To be able to penetrate Earth’s northward magnetosphere, the solar magnetic field lines need to have a southward orientation to be able to establish an opposite attracting link.
Occasionally, the magnetic north’s Aurora oval might reach far down all the way to the subtropics, meaning the view of the Northern Lights from Vancouver would be from the south. But the geomagnetic storm is rarely strong enough for this to happen.
Auroras typically become significantly larger when a coronal mass ejection (CME) leaves the sun, which is an unusually large release of solar particles following a solar flare. The velocity of a CME is much slower at approximately 3,000 km/s, and the only way it can be accurately measured to predict a strong Aurora is from NASA’s Advanced Composition Explorer (ACE) satellite.
The ACE satellite is located about 1.5 million km from Earth, at what is known as the L1 point – where the Earth and sun’s gravitational fields are the same so that the satellite can stay in the same position without burning fuel.
When the CME hits the ACE satellite, scientists are able to know how strong the CME is and whether it is traveling towards Earth’s direction. The satellite is relatively very close to Earth so it only provides a 30 to 60 minute notice, depending on the speed of the CME.
The frequency of CME events depends on the 11-year solar cycle. During the solar minimum phase when solar flare activity falls, a CME is released about once every four to five days. This increases to up to four ejections per day during the solar maximum phase at the peak period of solar activity when the number and size of sunspots grows.
The solar cycle reached its peak maximum in 2014/2015, and it is now well onto the path towards the minimum phase.
Data collected by the ACE satellite drives NASA’s 30 to 60 minute OVATION Aurora Forecast.
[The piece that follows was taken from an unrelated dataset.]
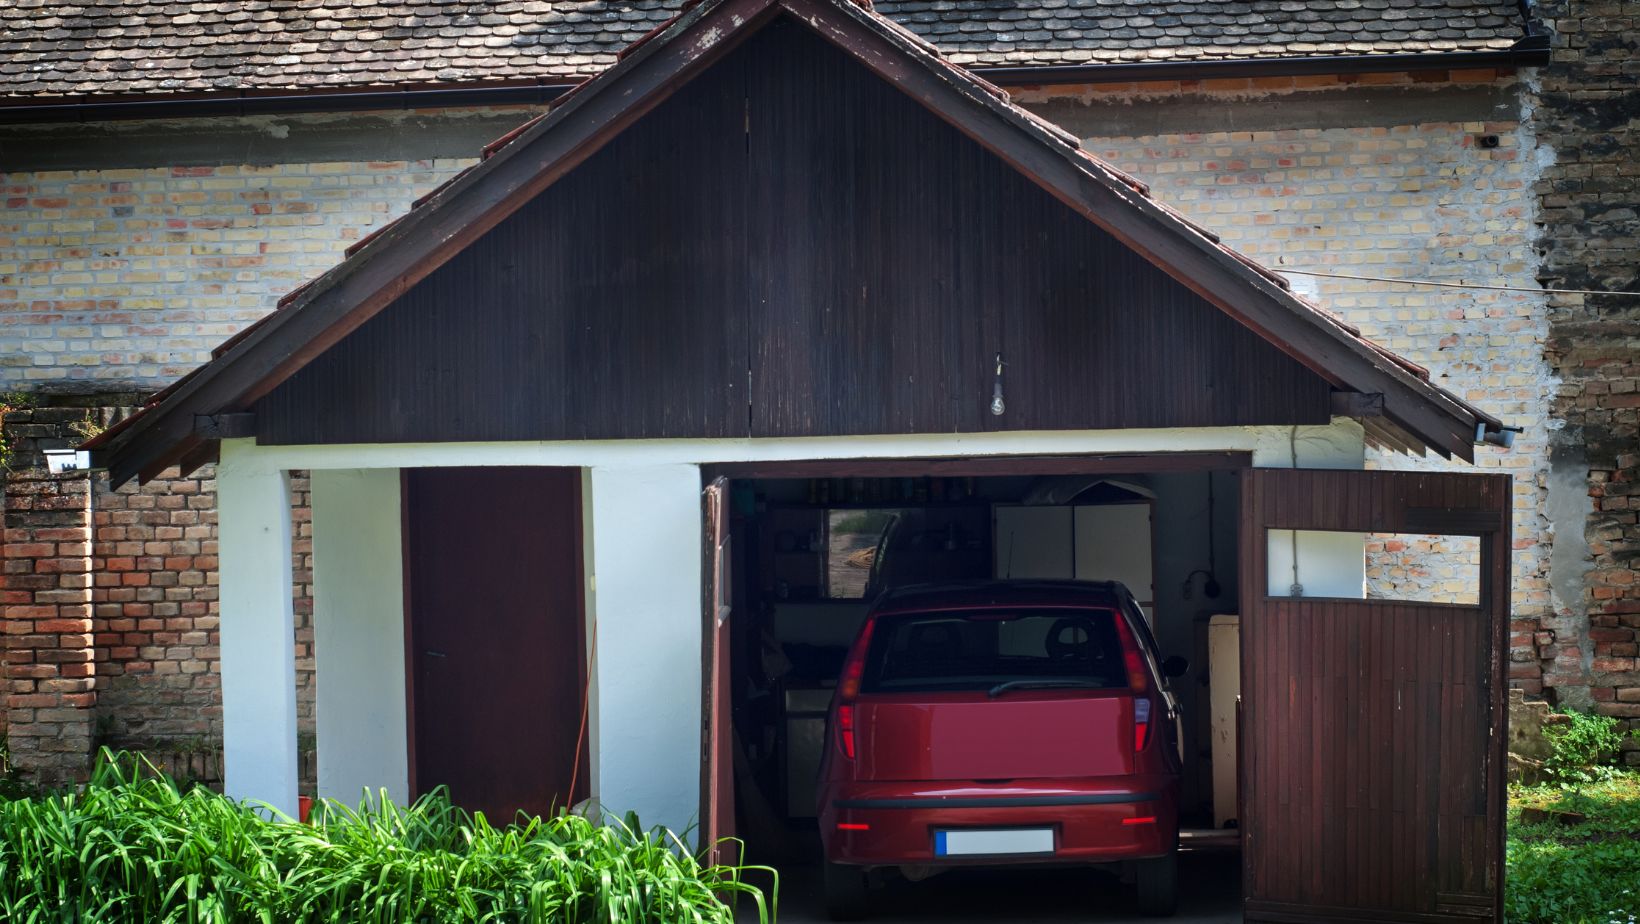 how to cover garage walls for party

The forecast, consistently updated through out the day, provides the probability of the extent of the Aurora’s reach in both the Northern and Southern hemispheres as well as a visual indicator of the dark and sunlit areas of the planet.
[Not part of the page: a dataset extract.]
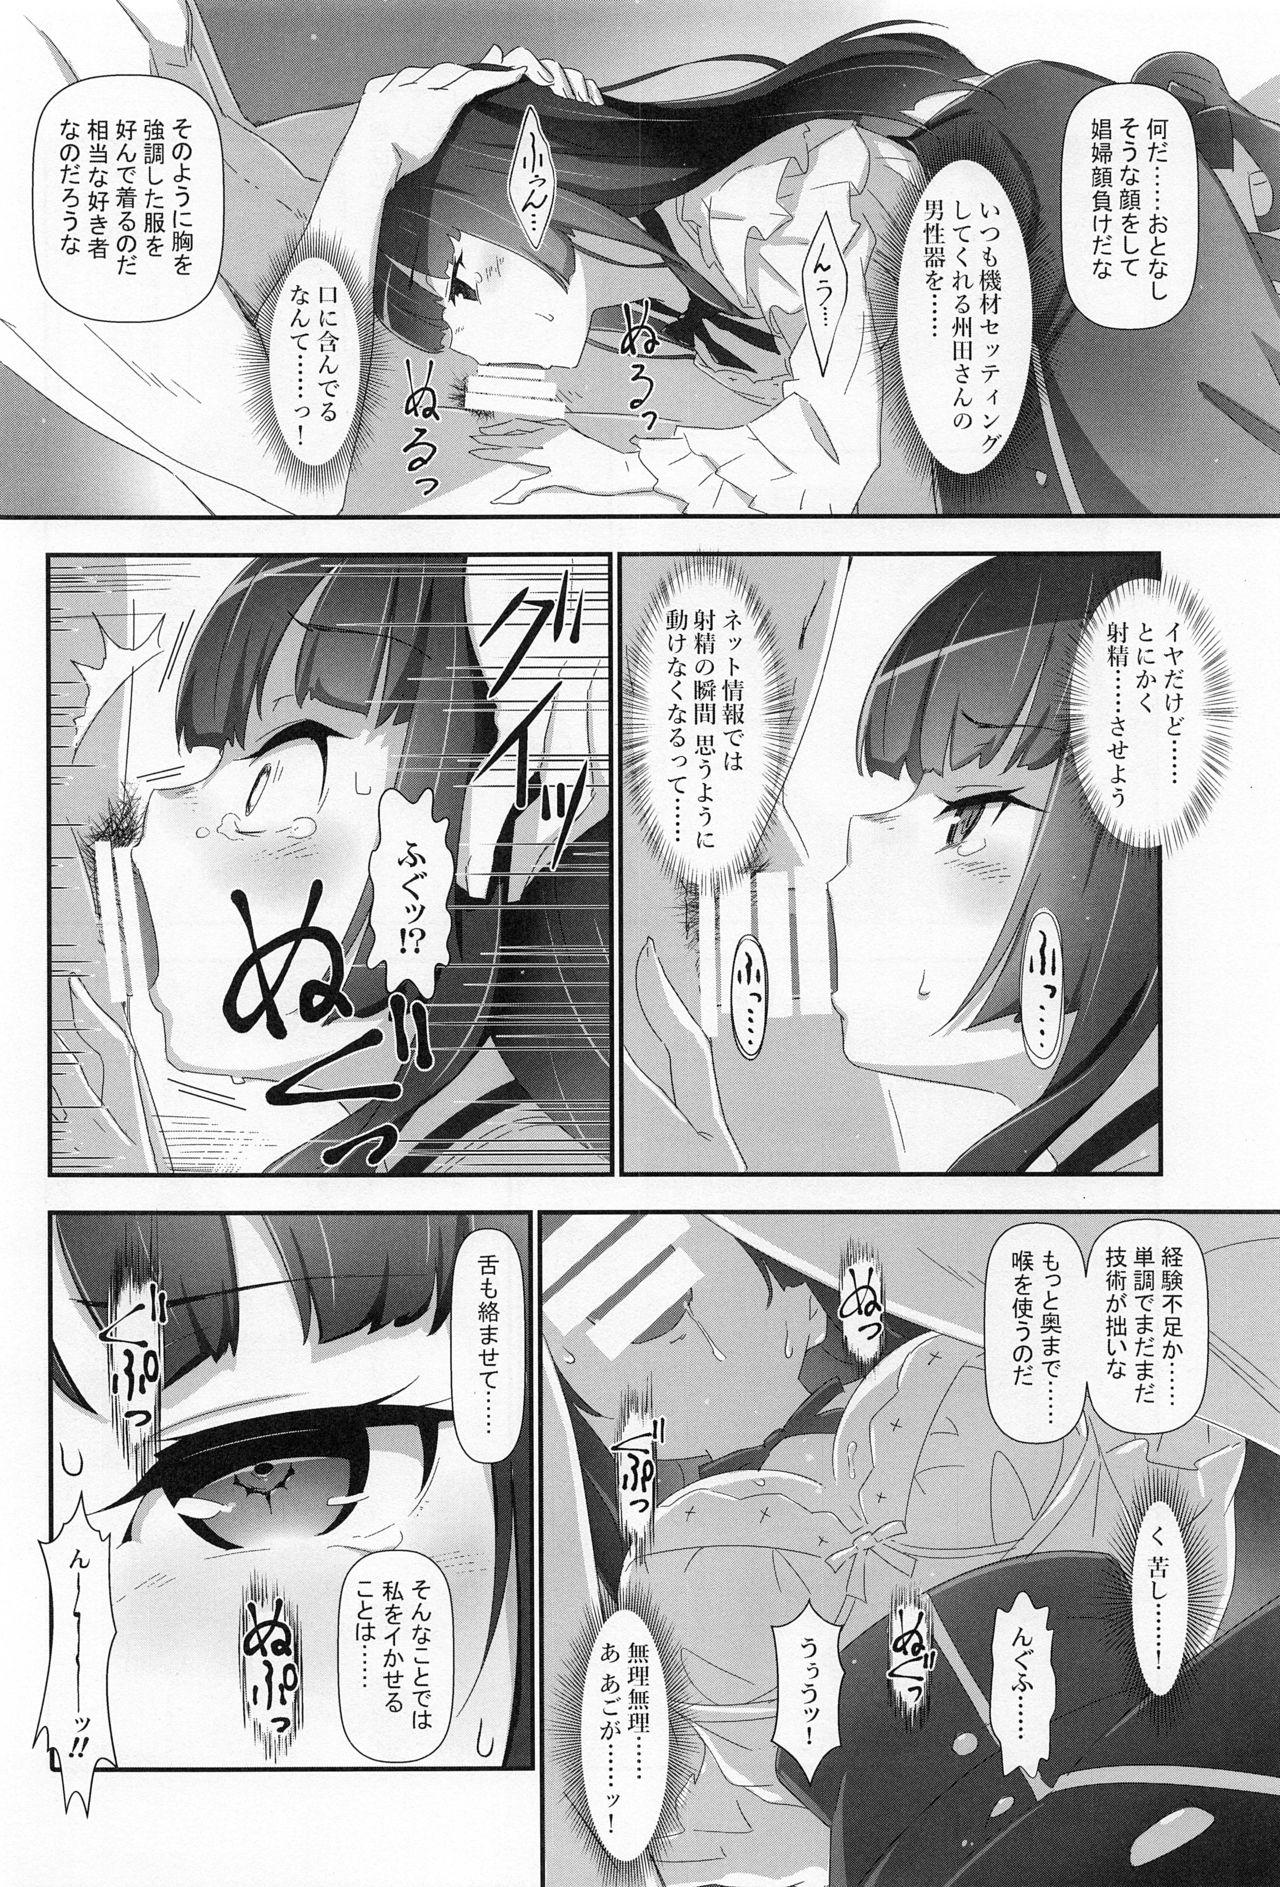 Funny EroYoro? 9 - Bang dream Old - Page 11

More recently, NASA has also launched a 3-Day Forecast, which shows the estimated location of the Aurora in three-hour cadences. This more long-term forecast is currently in its beta phase.
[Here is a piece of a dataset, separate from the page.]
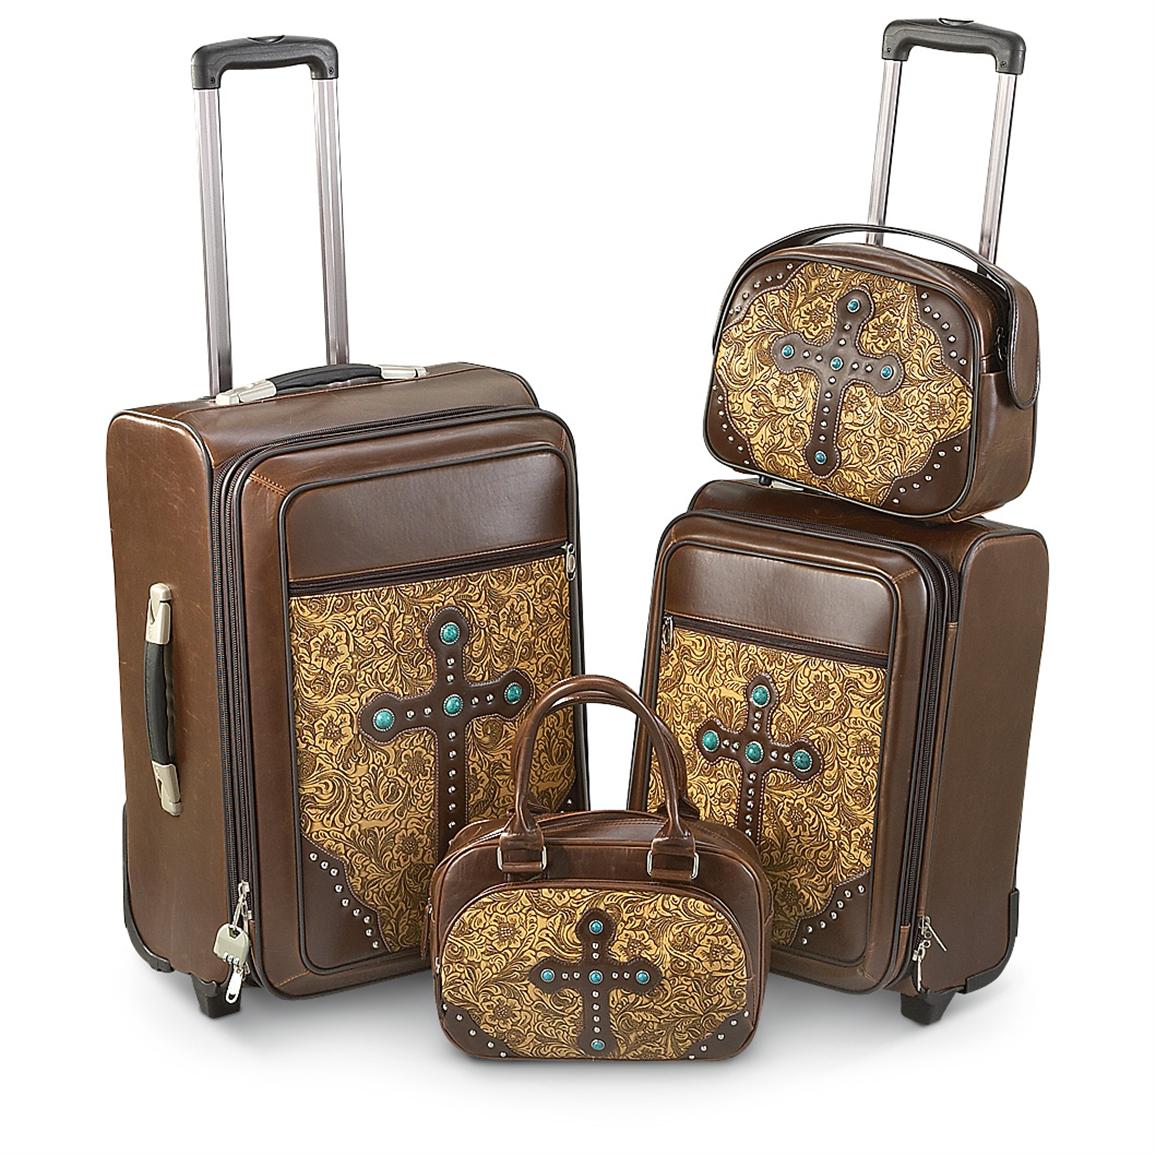 Western Cross 4 - Pc. Luggage Set, Brown - 214645, at Sportsman's Guide

Additionally, data from magnetic observatories around the world enables the creation of the Wing Kp forecast, the predicted global geomagnetic activity index. It gives a simple numeric Kp prediction on a nine-point scale based on the severity of the disturbance to Earth’s magnetic field.
A minimum Kp of six is necessary for the Northern Lights to reach the Metro Vancouver region while a Kp of nine means the event could be seen as far south as Kansas. With a Kp of greater than nine, the aurora could be potentially seen in Texas and Florida.
The Northern Lights can be seen in Whistler and sometimes Squamish when a Kp of five is forecasted.
When there is a large solar flare, a geomagnetic storm watch will usually be issued by NASA. These are observed almost immediately, in about eight minutes – the time for light to travel from the sun to the planet.
Occasionally, the Aurora’s peak arrives during daylight, before it is dark enough to see the light show. Moon light, particularly a full moon, can also be factor. In Vancouver, the dancing light shows typically happen anytime from 10 p.m. to 3 a.m., although they usually peak at midnight.
The Northern Lights are visible in some of the more secluded areas of the Metro Vancouver region, away from the light pollution of dense urban areas.
If you have ever wondered why photos of the Northern Lights from DSLR cameras do not look like what you observe with your own eyes, it is because human eyes have limitations when it comes to spotting low light levels at night. On the other hand, DSLR cameras coupled with high ISO settings and long exposure times can detect a greater extent of the show.
Although the faint glow of the Northern Lights should be visible from the city with solely the human eye, the LCD viewfinder of a DSLR camera will provide you with a more detailed depiction of what is in front of you.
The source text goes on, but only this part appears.